Of course, you can open up your system so your users can log in from home, or wherever they happen to be. You can also link up with other Lync users in other companies to trade messages. This is called federation, and can be managed: so, for instance, you get to decide which companies you will allow access to you and your users, and the rules. It’s very powerful though, if you have a trading partner, you can see the Presence of their staff to know when to contact them.
If you’re worrying that maybe Lync isn’t up to the task when it comes to supporting your organisation, or that it doesn’t have enough support, you don’t need to stress. Lync is a fully supported Microsoft Office product, and has been proven to scale to tens of thousands of seats. (Microsoft has a bunch of case studies.)
The only thing I’d say is that, for anything other than a simple lab experiment or one-room office, you want to make sure you get the configuration right, otherwise you’ll either have installation problems or scale problems, so you might want to look at using a specialist consultancy to help you. Disclaimer: I work for Modality Systems, unified communications experts who have twice been awarded the Microsoft UK Unified Communications Partner of the Year Award. If you’re interested, give them a call and see if they can help. And mention my name!

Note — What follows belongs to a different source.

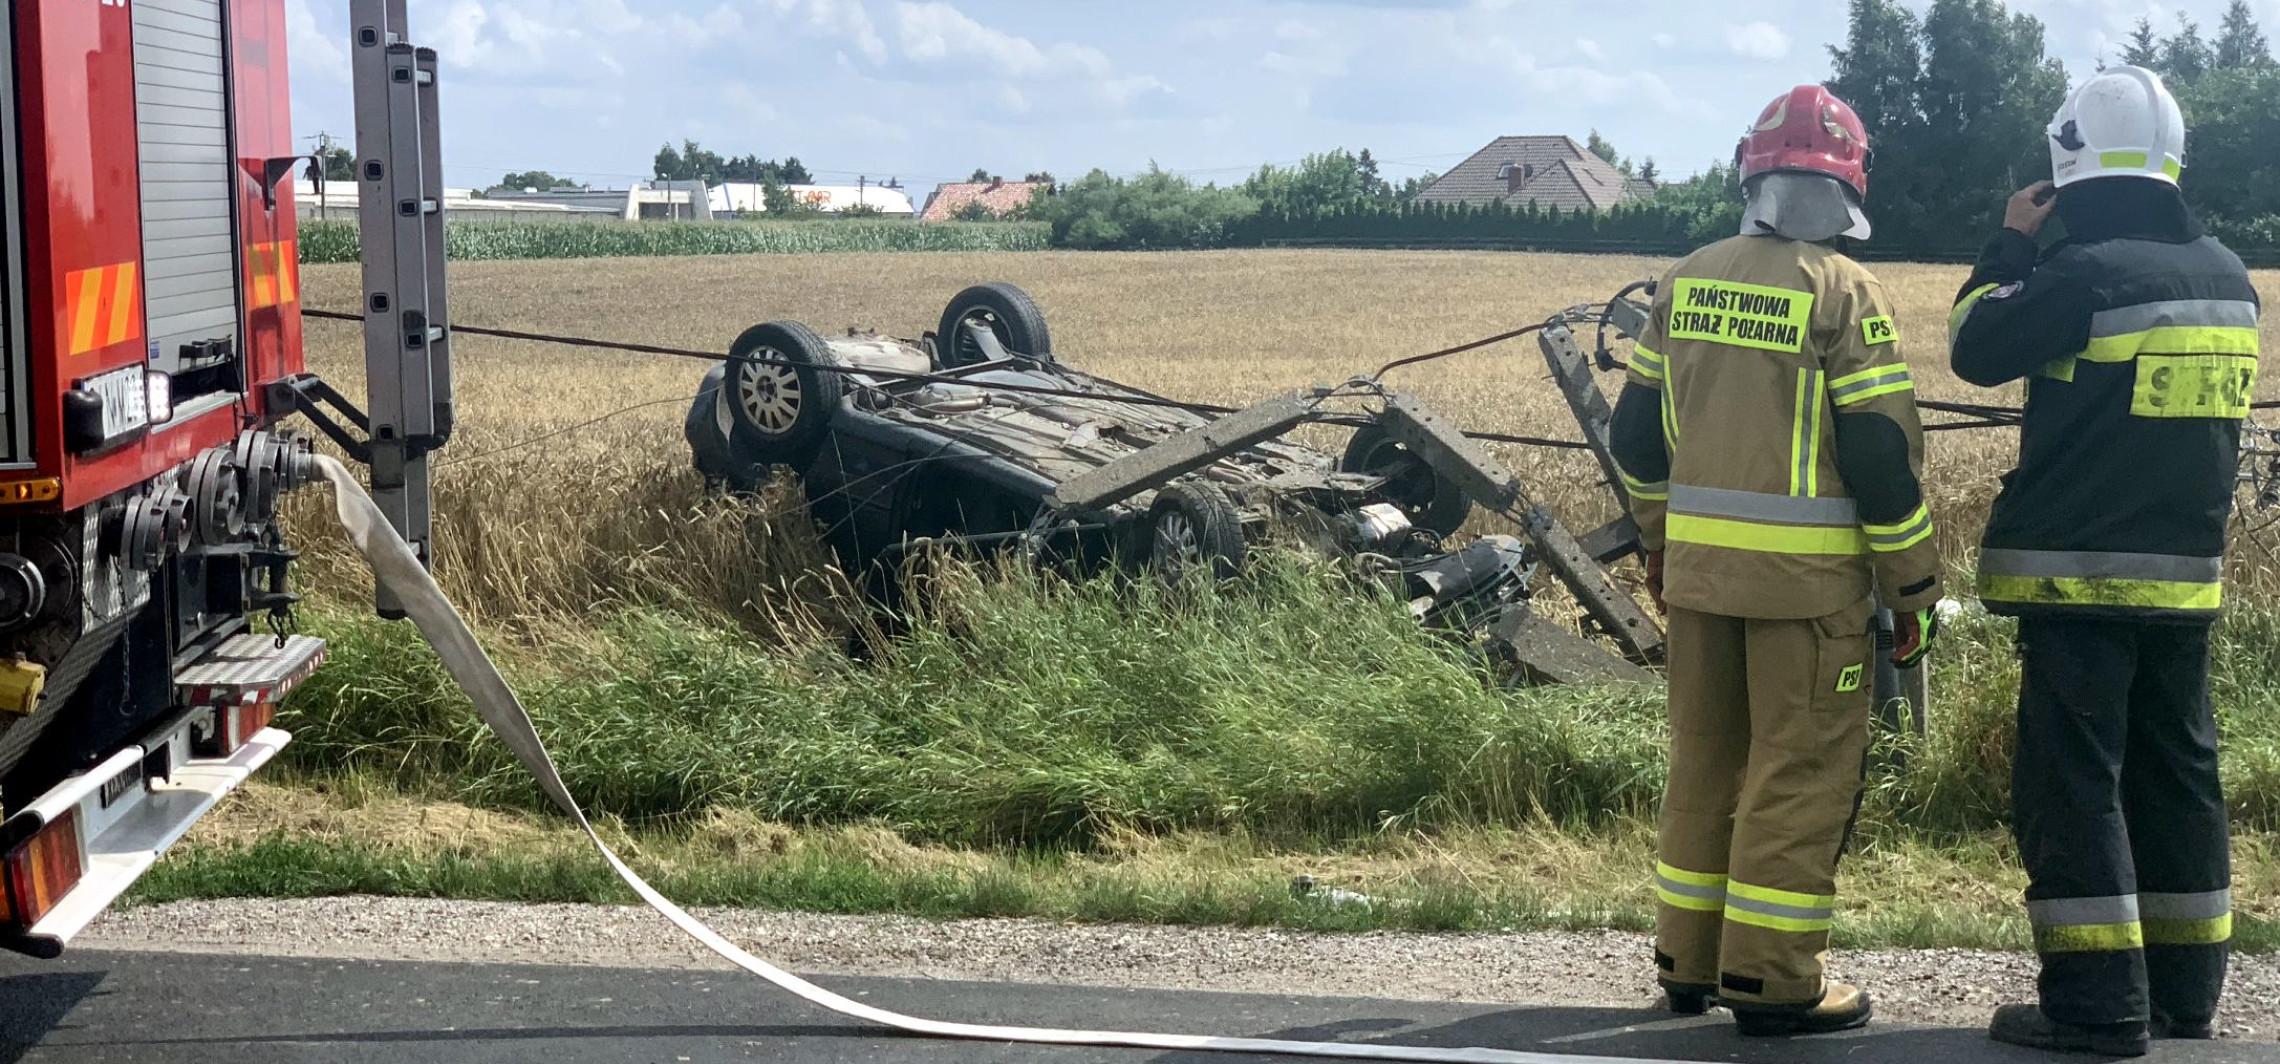 Inowrocław - Wypadł z drogi i uderzył w słup. Kraksa w Jacewie

Hopefully, this has whetted your appetite. I’ve tried to find some non-technical posts that go into more detail about what Lync can do for you: Firstly, the official Microsoft Lync Product Guide. It’s non-technical and covers lots of features.
There’s a huge stash of training resource in the Lync Adoption and Training Kit. Within the training kit are some short videos that show you how to perform a number of different tasks. I thought these were really good, and well produced, and tried to find them hosted online – because although you can download them, that’s one step too far for busy professionals.
There’s also a set of 17 training videos for Lync 2013.